The other thing that works for me motivation-wise is to start training for a race. I’ve been hesitant to do so, though, because of the whole burn-out thing. I’ve decided that whatever race I sign up for next as a “goal race” will be one that I’m truly passionate about, not just because it was convenient or there was a really good discount code (my Achilles heel). Since I’m going to have a very busy May, June, and July, I think something in the late summer/fall will be best.

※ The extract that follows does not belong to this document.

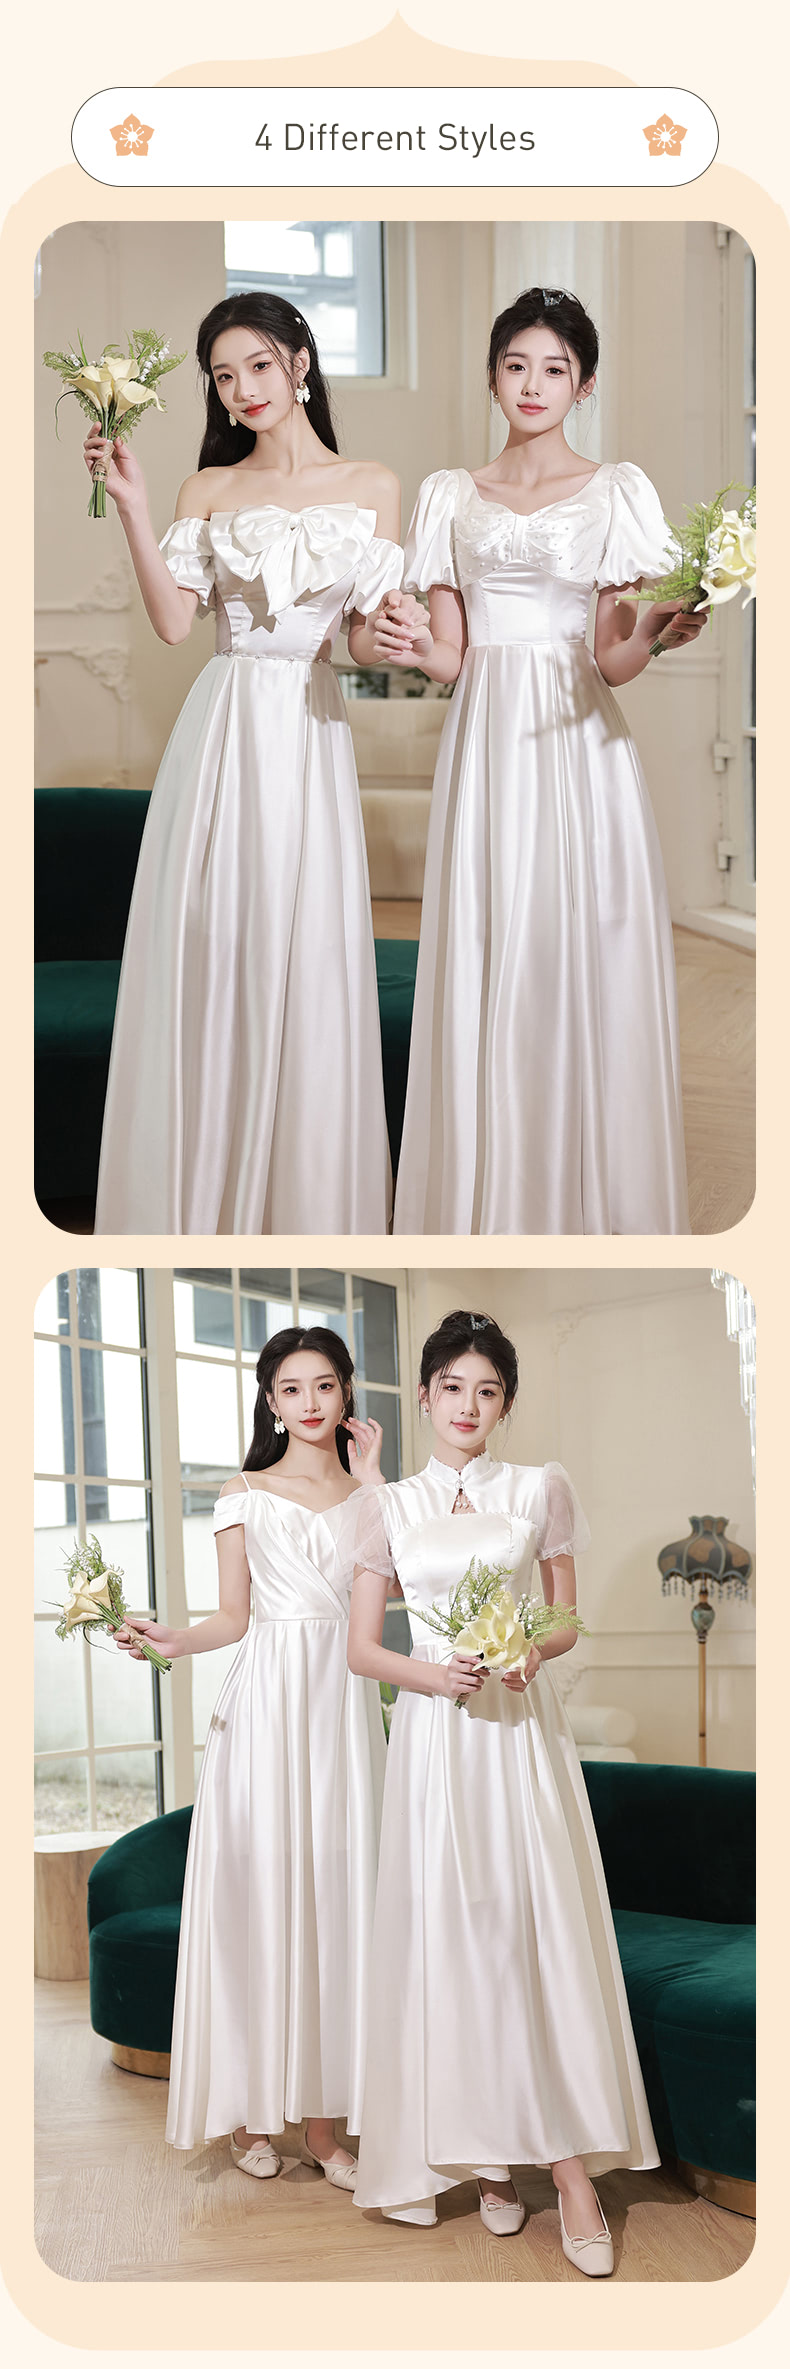 Sweet-White-Satin-Wedding-Party-Dress-Homecoming-Evening-Gown13

Currently, the idea that most floats my boat is a 10K series: Brazen Summer Breeze (8/5) and the Race to End of Summer 10K (9/3). I thought about doing the San Jose Rock ‘n’ Roll 10K (10/7), but unfortunately I’ll be out of town that weekend. If anyone has a good suggestion for a flat and fast 10K in October, please let me know! There are a couple of aspects of a 10K series that I like. First, instead of putting all of my eggs in one basket (goal race), each race presents an opportunity to PR (best case) and to practice 10K racing (worst case). Second, I’ve never trained for a 10K so it will be a new learning experience. Third, (I expect but don’t know for sure) that 10K training will incorporate the parts of training that I enjoy most, which are a mix of intervals and endurance, but it won’t be as high mileage as a half or full marathon. Forth, 10K is a distance that I can race once a month and not get burned out (I don’t think). Finally, training for a 10K PR will put me in a position to hopefully take some minutes off of my half marathon PR, which I view as a soft/easily targeted PR (not as soft as my marathon PR, but I’m not about to train for another marathon anytime soon – a subject for another post).
OK, I think that’s enough rambling for now. If you’ve ever experienced burnout or a significant lull in your running motivation – tell me about it. What (if anything) worked to get you out of your funk?